Before you go live, walk through this list.

Security

  • [ ] TLS termination configured (reverse proxy or load balancer)
  • [ ] auth.enabled: true and auth.allow_anonymous: false
  • [ ] API keys created for each service principal
  • [ ] RBAC roles assigned with least-privilege
  • [ ] Tool access policies set for sensitive tools
  • [ ] Secrets use environment variable interpolation (${VAR}), not plain text in config
  • [ ] Docker MCP servers use read_only: true and network: none where possible

Reliability

  • [ ] Health checks enabled on all MCP servers (health_check_interval_s)
  • [ ] Circuit breaker thresholds tuned (max_consecutive_failures)
  • [ ] MCP Server groups configured for critical MCP servers (at least 2 members)
  • [ ] min_healthy set to match your SLA requirements
  • [ ] Idle TTL set appropriately (300s for subprocess, 600s for containers)
  • [ ] Rate limiting enabled to prevent overload
  • [ ] Event store configured (event_store.driver: sqlite)

Observability

  • [ ] Prometheus scraping /metrics endpoint
  • [ ] Grafana dashboards imported from monitoring/grafana/
  • [ ] Alertmanager rules configured for:
  • MCP server state transitions to DEAD
  • Circuit breaker OPEN events
  • Health check failure rate above threshold
  • Tool call error rate above threshold
  • [ ] Structured JSON logging enabled (MCP_JSON_LOGS=true)
  • [ ] Log level set to INFO for production (MCP_LOG_LEVEL=INFO)

Configuration

  • [ ] Config file reviewed for correctness (no validate subcommand exists)
  • [ ] Hot-reload tested via mcp-hangar add API (no SIGHUP handler exists)
  • [ ] Environment-specific configs separated (dev/staging/prod)

Deployment

  • [ ] Running behind a reverse proxy (nginx, Caddy, Envoy)
  • [ ] Health probe endpoints exposed for orchestrator (/health/live, /health/ready, /health/startup)
  • [ ] Graceful shutdown configured (SIGTERM handling)
  • [ ] Resource limits set (memory, CPU) for container deployments
  • [ ] Persistent volume for event store SQLite database
  • [ ] Docker image pinned to specific version tag, not latest

Kubernetes (if applicable)

The MCP-Hangar Operator is an external component shipped from hangar-operator.

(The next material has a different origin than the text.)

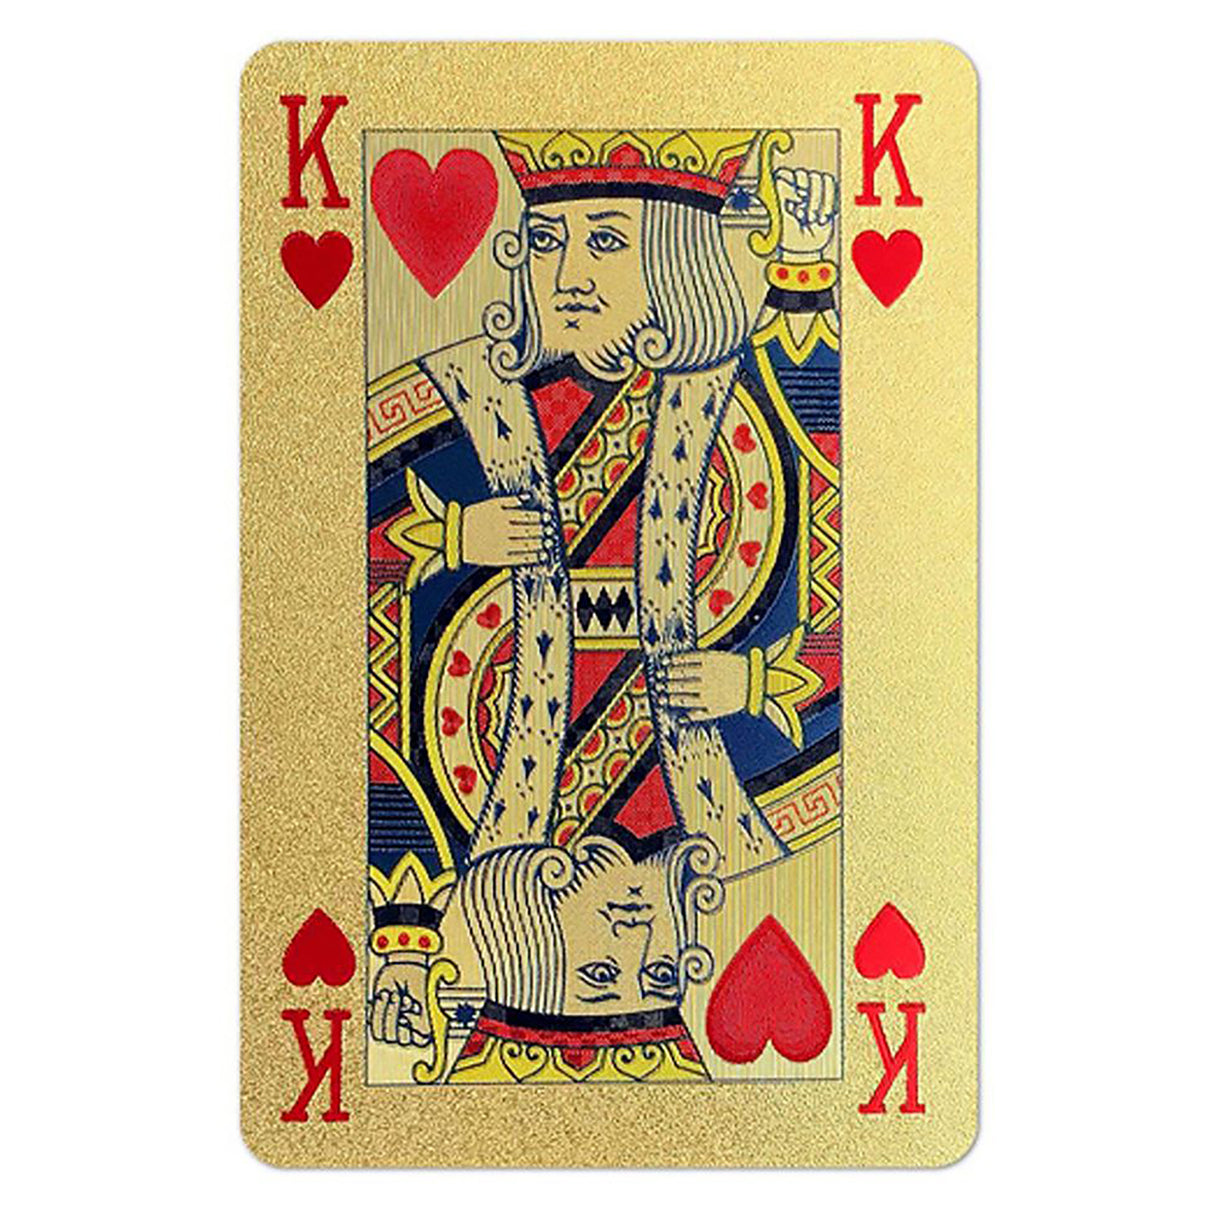 Waddingtons No 1 Gold Edition Playing Cards

See Recipe 11 for install instructions.

  • [ ] MCP-Hangar Operator installed (see Recipe 11 prerequisites)
  • [ ] CRDs applied (MCPServer, MCPServerGroup, MCPDiscoverySource)
  • [ ] RBAC (Kubernetes) configured for operator service account
  • [ ] Network policies restricting MCP server-to-MCP server communication
  • [ ] Resource requests and limits in Helm values
  • [ ] PodDisruptionBudget for Hangar deployment

Testing

  • [ ] Failover tested: kill a primary MCP server, verify backup takes over
  • [ ] Cold start tested: invoke a tool on a cold MCP server, verify latency
  • [ ] Rate limit tested: flood API, verify 429 responses
  • [ ] Auth tested: invalid key returns 401, insufficient role returns 403
  • [ ] Config reload tested: edit config.yaml, verify changes apply
  • [ ] Recovery tested: kill all MCP servers, verify they reinitialize

Runbook

  • [ ] Incident response documented
  • [ ] MCP Server restart procedure documented
  • [ ] Config rollback procedure documented
  • [ ] Contact list for MCP server owners maintained